The multivariate marginal model can be used to simultaneously examine the factors affecting both FBS and HbA1c using longitudinal data. The model fitted to multivariate longitudinal data should prevent redundant parameter estimation in order to have greater efficiency. In this study, a multivariate marginal model is used to simultaneously investigate the factors affecting both FBS and HbA1c with longitudinal data for patients with type 2 diabetes in Northern Iran. The present research is a retrospective cohort study. Overall, 500 medical records with complete information were reviewed. The multivariate marginal model is used to determine the factors associated with FBS and HbA1c using longitudinal data. Data have been analyzed in R-3.4.0 using 'mmm2' package. Given that the coefficients for the interactions of rtype with the intercept, time, family history of diabetes, history of hypertension, history of smoking, insulin therapy, systolic/diastolic blood pressure and duration of disease at first visit are significantly different from zero (P < 0.05), the effect of the independent variables on the two response variables is different and different coefficients should be used for each. Therefore, the interactions of these variables with rtype are kept in the final model. The coefficients for the interactions of rtype with sex, age at first visit, history of high cholesterol, and weight are not significantly different from zero (P > 0.05), indicating that their effect on the two response variables is similar and only one coefficient should be used for each.
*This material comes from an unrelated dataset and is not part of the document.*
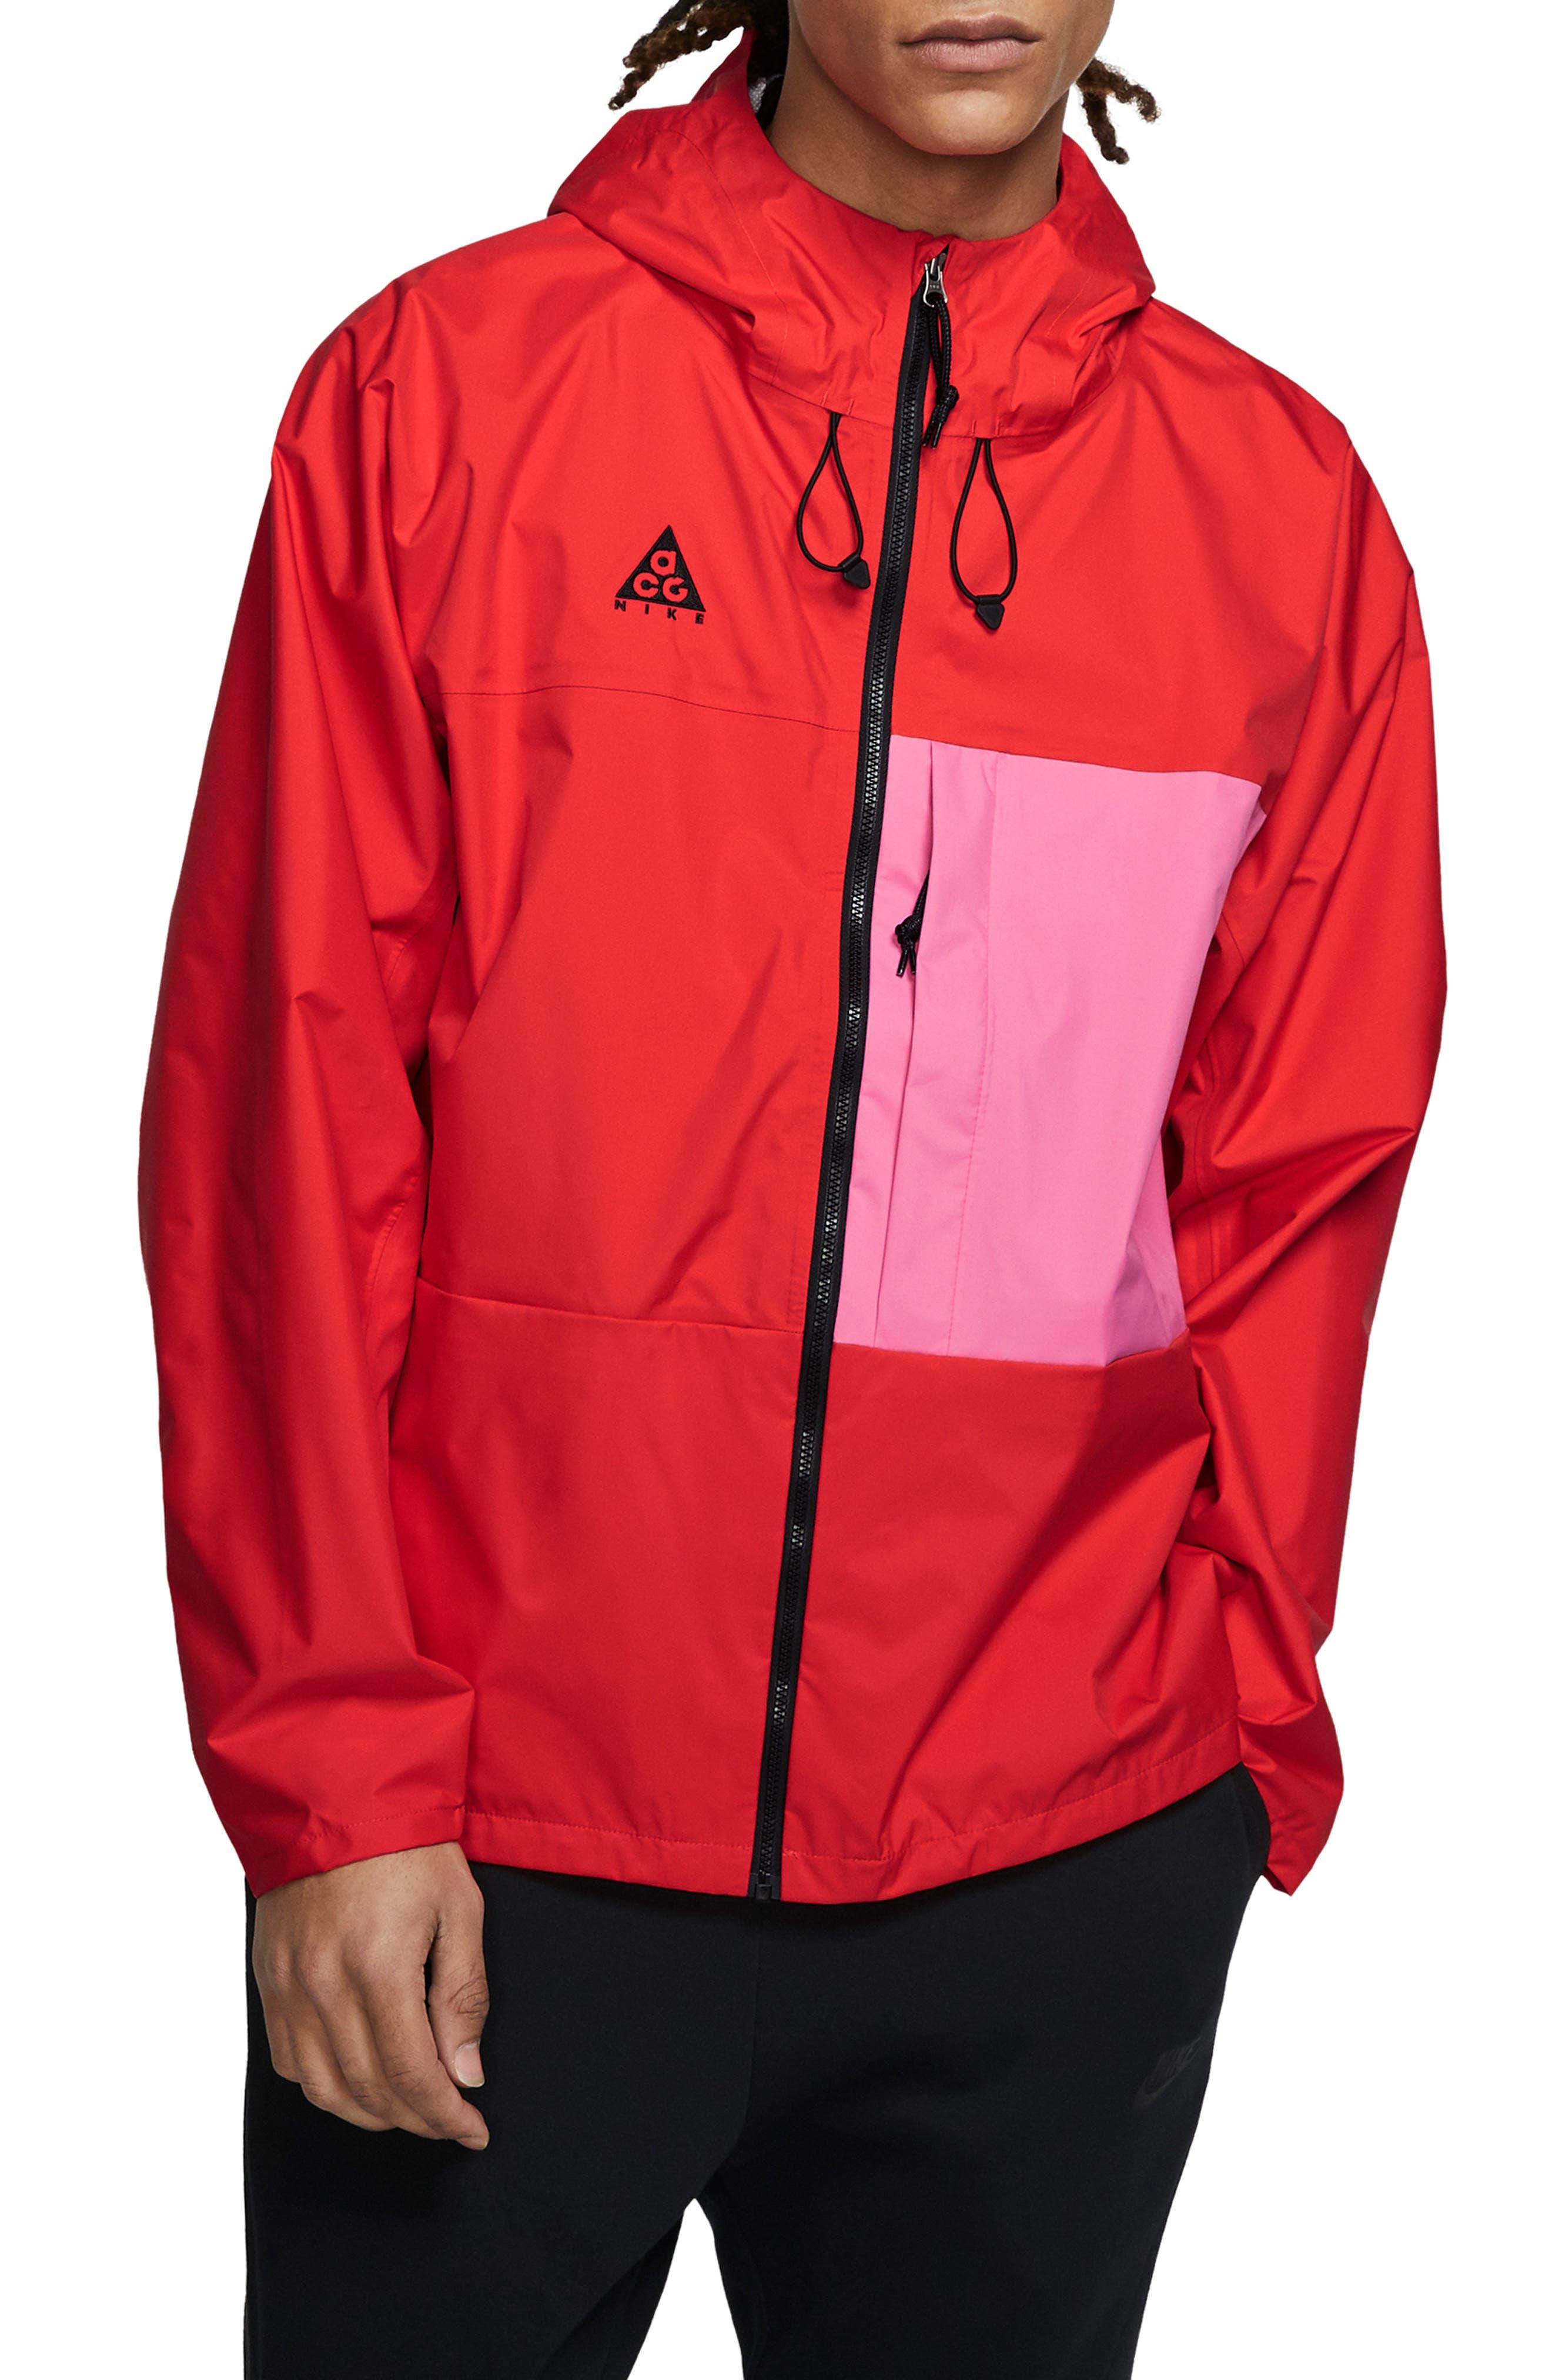 Nike Acg Packable Jacket, Red

We examined the similarity of coefficients when fitting the longitudinal multivariate model for the relationship between FBS/HbA1c and sex, age, history of high blood cholesterol, and body weight. If an independent variable has similar effects on both responses, only one coefficient should be estimated, which will increase the efficiency of the model and the reliability of the results.

Introduction

The increasing burden of non-communicable diseases (NCDs) is a major healthcare threat, especially in developing countries[1,2]. Type 2 diabetes is the most common form of diabetes among the different types of this disease (i.e., type 1 diabetes, gestational diabetes and diabetes mellitus) and accounts for about 90–95% of all diagnosed cases of diabetes[3]. According to the 2019 World Health Organization (WHO) report, about 422 million people are diagnosed with diabetes worldwide, the majority living in low- and middle-income countries[4]. Worldwide prevalence of diabetes is about 6.4%, and it is expected to reach 366 million by 2030[5]. In Iran, the prevalence of diabetes is about 10.3% in adults aged 20–74%, 9.6% in men, and 11.1% in women[6]. One study found that in 2018, endocrine, nutritional and metabolic diseases were the fifth leading cause of death in Golestan province[7]. Lost productivity, disability, and premature death from diabetes impose a substantial burden on society[8].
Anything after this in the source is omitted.